1874 Hong Kong typhoon


The 1874 Hong Kong Typhoon was the third worst typhoon to hit Hong Kong, striking during the night of Tuesday 22 September and the morning of Wednesday 23 September 1874.

Course of storm

The typhoon hit Hong Kong with "unprecedented violence" and left no less than 2,000 people injured. However, around 5,000 people lost their lives in Macau, making the typhoon the worst storm on record to hit Macau, with Typhoon Hato in 2017 being the second worst.
The Colony experienced a period of low pressure, typical of the eye of a typhoon. From 8 pm, winds raged and howled with ear-deafening sounds, alongside the painful cries of many people who had become homeless. The typhoon increased in strength steadily up to 2:15 am in the morning. Modern analysis in 2017 indicated that this great typhoon passed approximately 50 to 60km to the south of Hong Kong at its closest approach, similar to Hato in 2017.
Some adventurers went out to the Praya at 11 pm and found themselves knee deep in the water and risked being washed away by the waves hitting the shore. They were forced to retreat by 1 am as the winds were reaching a new high. The East Point on Causeway Bay recorded a water level 4 feet above its average. Many stores and shops, even far away from the Praya waterfront were flooded and water damaged.
The typhoon began weakening after 3 am, yet its two-hour impact had injured and killed many in the Colony. Telegraphic communication was interrupted and communication with Hong Kong island was cut for a time. The town had sustained great loss, its roads were deserted and strewn with debris, house roofs were ruined, windows shattered and walls fallen and cables and gas pipes were blown away and trees uprooted.

Aftermath

Most of the 37 ships in port were damaged and hundreds of fishing junks and sampans were either wrecked or broken up despite having sought shelter in the bay. At this time Hong Kong did not have its own weather observatory and many people were expecting the storm from a different direction, while others were caught off guard and either shipwrecked or lost their homes. A few false typhoon alerts had been announced earlier in the year.
The next morning, the Praya scene from west to east was heart-rending: one could easily find boats capsized and corpses floating and drifting on the water with some bodies washed ashore by the high tides.
The sizeable Stonecutters' Island Gaol was left in ruins and both the Police Courts and Victoria Gaol were unroofed.
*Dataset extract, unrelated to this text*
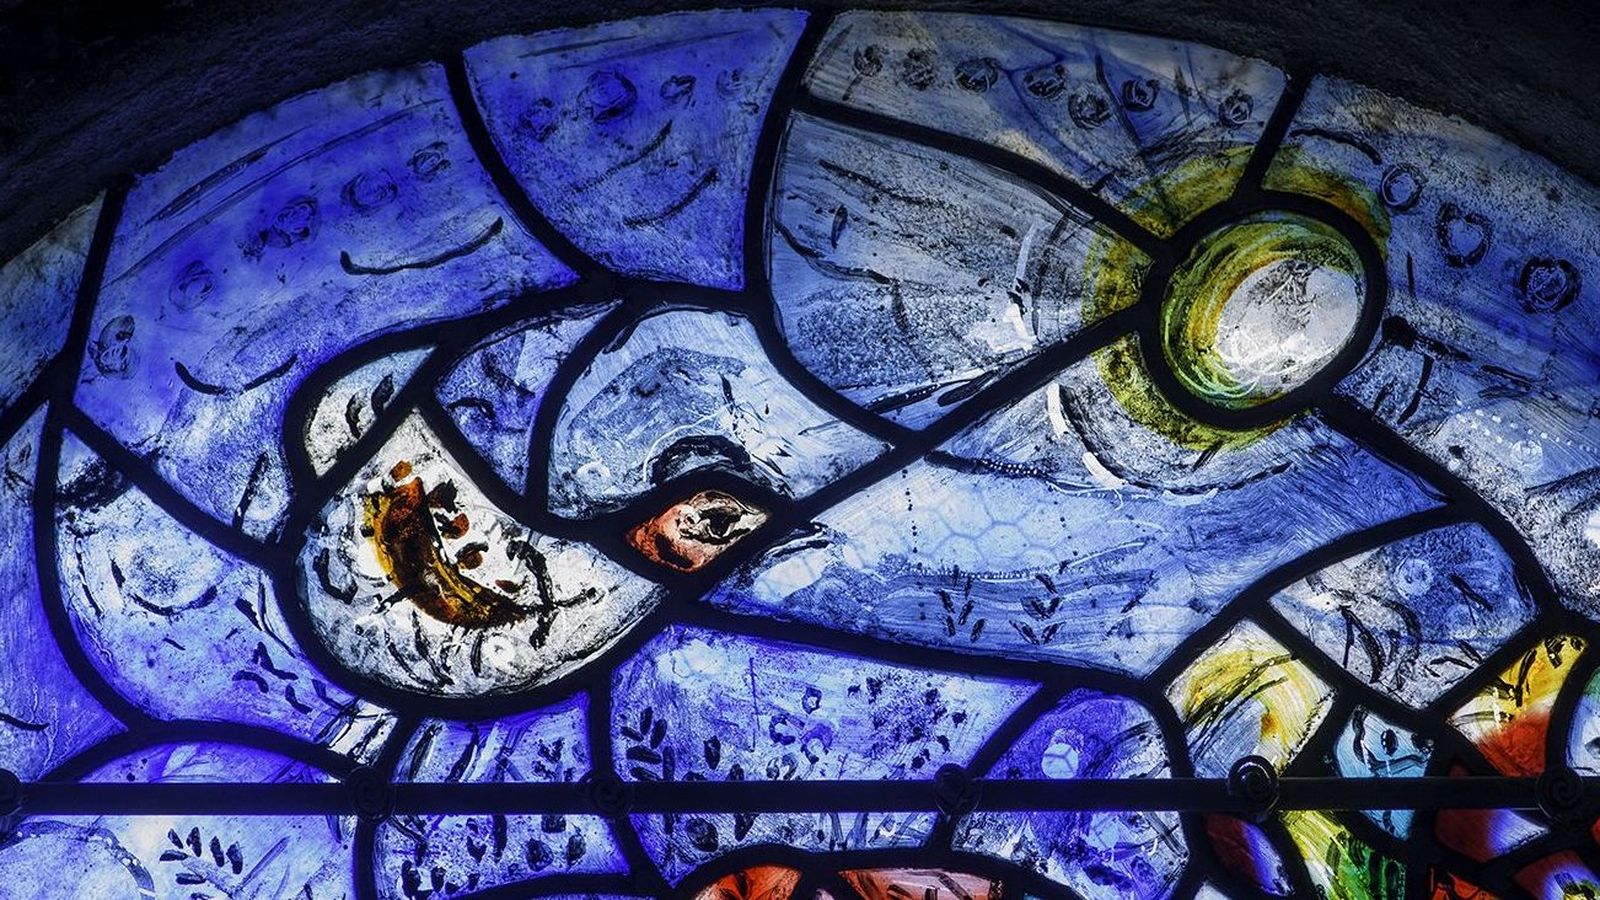 Vitrail de Marc Chagall © Région Nouvelle-Aquitaine, Inventaire Général du patrimoine culturel, J. Chalard-Deschamps

The damage overall was considered "incalculable".
Ernst Eitel recounted how many of the European and Chinese houses were ruined and became roofless; big trees were unrooted and corpses were found in the ruins and started surfacing at the waterfront from the wrecked ships.
A visitor arriving on a steamer from Peking during the typhoon reported that the waterfront was nearly swept away, hardly a tree was left standing in the Botanical Gardens and many buildings were found roofless and in ruins. People were hastily burying the dead for the heat was intense and there was great concern over the outbreak of contagious disease.

Controversy

Captain Superintendent of Police Walter Meredith Deane attracted severe criticism for ordering his men confined to barracks rather than to risk rescue of the crews on the wrecked vessels Leonor and Albay. Refusing calls for a public inquiry, Governor Sir Arthur Kennedy passed all papers on the matter to Secretary of State Lord Carnarvon who affirmed Kennedy's decision.